«(…) quienes comienzan por eliminar por la fuerza la discrepancia terminan pronto por eliminar a los discrepantes. La unificación obligatoria del pensamiento y de la opinión sólo obtiene unanimidad en los cementerios… El poder público es el que debe ser controlado por la opinión de los ciudadanos, y no al contrario… Si hay alguna estrella inamovible en nuestra constelación constitucional es que ninguna autoridad pública, tenga la jerarquía que tenga, pueda prescribir lo que sea ortodoxo en política, religión, nacionalismo u otros posibles ámbitos de la opinión de los ciudadanos, ni obligarles a manifestar su fe o creencia en dicha ortodoxia, ya sea de palabra o con gestos. No se nos alcanza ninguna circunstancia que pueda ser considerada una excepción a esta regla».
Ahora que agoniza este doloroso año 2014, convendría recordar los argumentos del Juez Robert H. Jackson recogidos en la parcialmente trascrita Sentencia del Tribunal Supremo de los Estados Unidos West Virginia State Board of Education vs. Barnette de 1943.
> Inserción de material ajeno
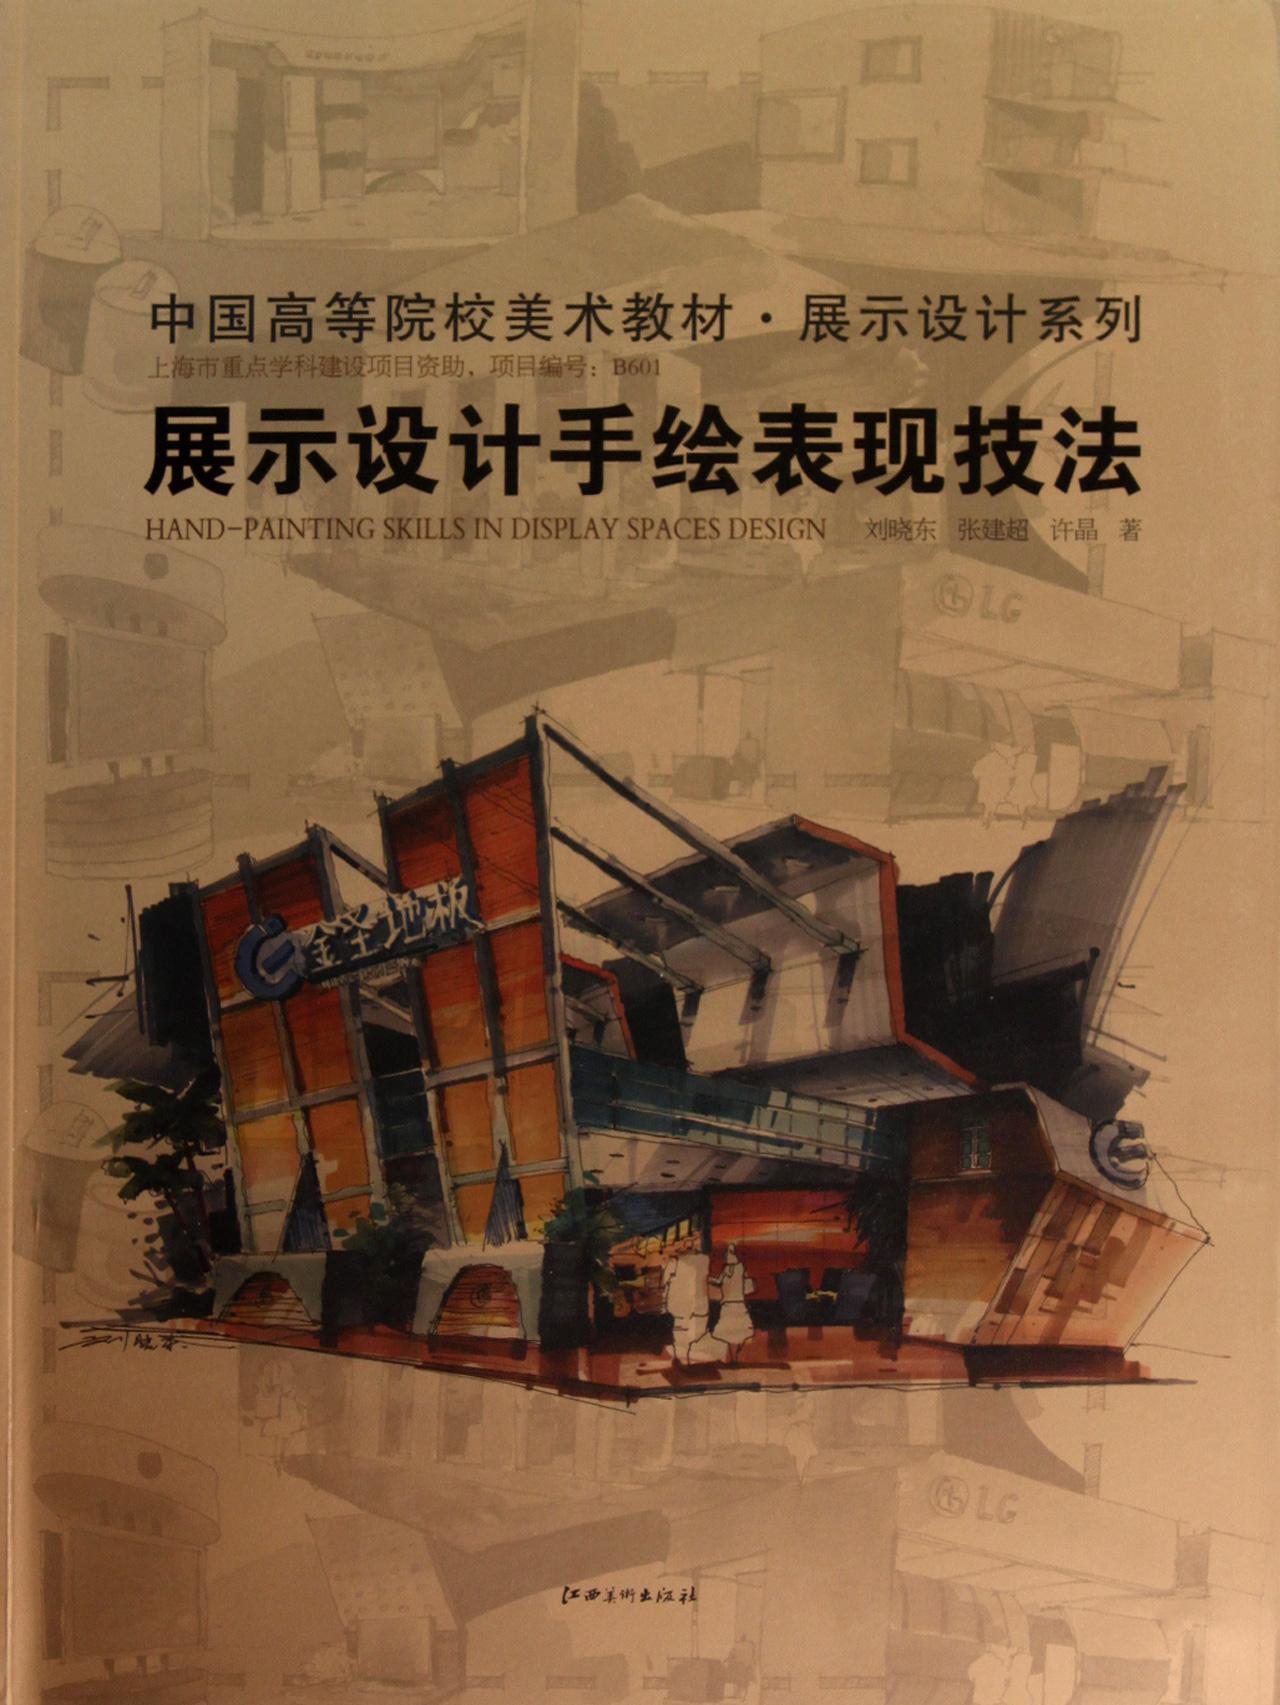 展示设计手绘表现技法中国高等院校美术教材/展示

Han pasado más de siete décadas desde que se escribieran esas palabras y sin embargo en días como hoy, se sigue tratando de amordazar (por la vía de la legalidad injusta) a la crítica heterodoxia, al libre disentimiento, a la sana discrepancia, a la subversiva disidencia, a la rica diferencia o a la mera alteridad.
Convendría también no echar en el olvido aquella célebre cita de Martin Niemöeller tantas veces atribuida a Brecht, pues, si no denunciamos cada afrenta a la Libertad, la Justicia o al Pluralismo poniendo el grito en el cielo, con los pies firmes sobre la tierra, puede que cuando finalmente vengan a por nosotros, no haya nadie más que pueda protestar.